Everyone tells me how lucky I am to have a healthy lifestyle, what with being outside, walking and healthy foods. The truth is, during tournament weeks I practically live in a golf cart. I’m driving from scene to scene and barely get out of the damned thing. I’ve started walking on a treadmill in my hotel three days a week, just to get in some semblance of physical condition.

• • •

Before Jack Lemmon teamed with Peter Jacobsen at the AT&T Pebble Beach Pro-Am—where they failed to make the cut in decades of trying—Jack teamed with me. It was 1978, and we actually came within a shot of making the cut. Jack was very happy and upbeat. At the time, he assumed it would happen one day, but it never did. He might be the best example of never taking anything in golf for granted.

• • •

A lot of players will call us in for help on dropping from a cartpath, which is fairly rudimentary. But I’m glad when they do, for two reasons.

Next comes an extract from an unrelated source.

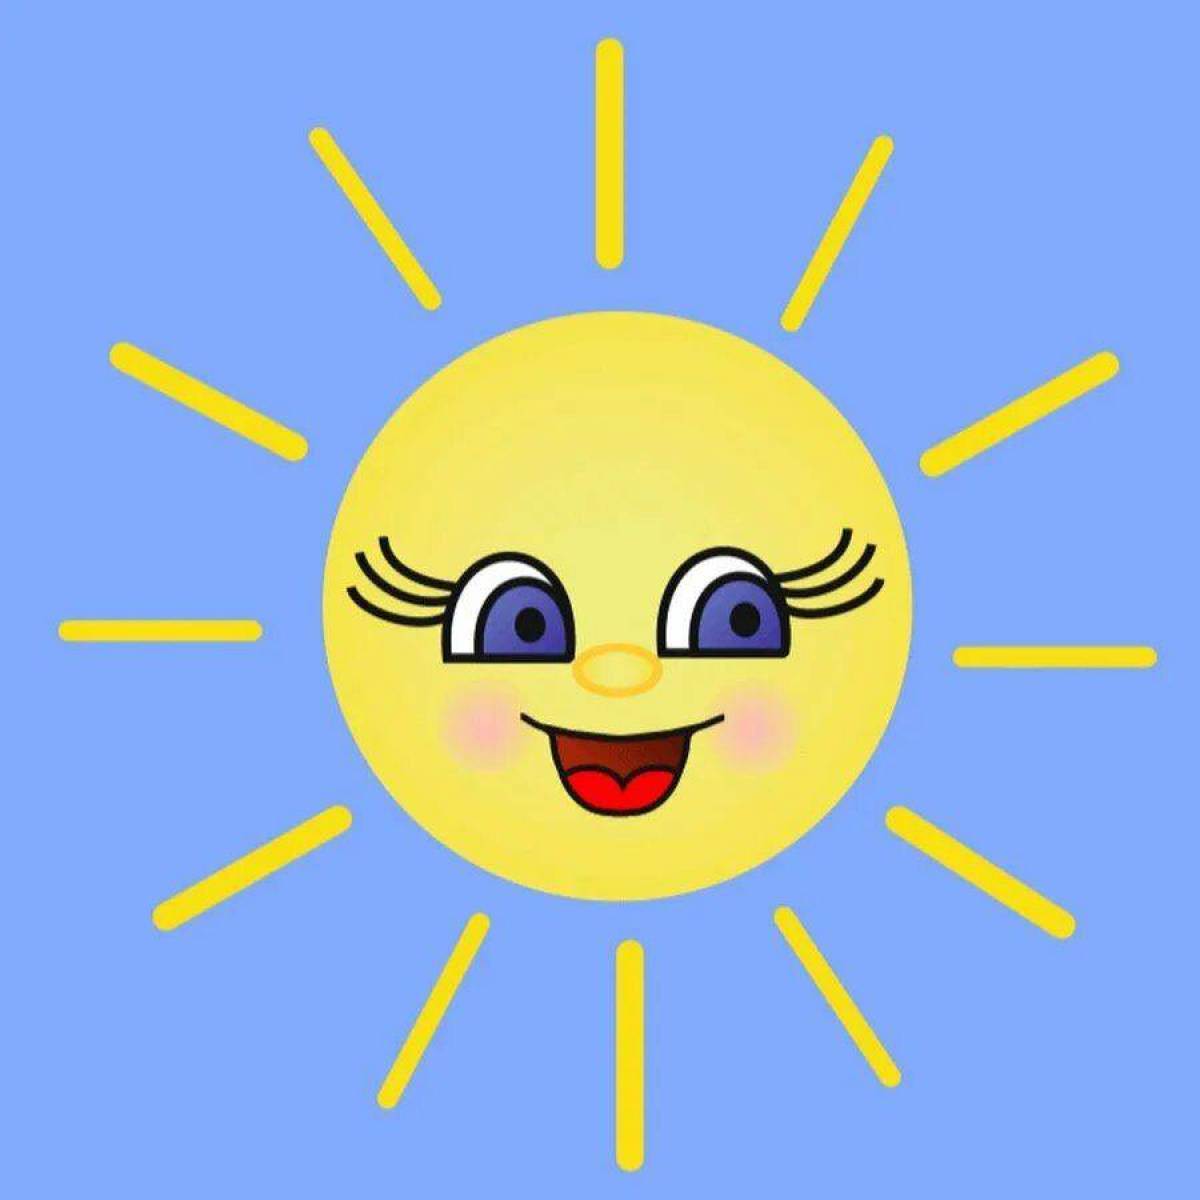 Картинка солнышко. Солнышко рисунок. Солнце рисунок. Веселое солнышко. Солнышко для детей.

One, if the player makes a mistake dropping from the path, it can mean a penalty, whereas if the official were to give incorrect advice on how to drop, it’s no penalty. If you’re the player, doesn’t it make sense to always call in an official, just in case? Two, so long as players request help dropping from the path, rules officials are going to be necessary. Who doesn’t like job security?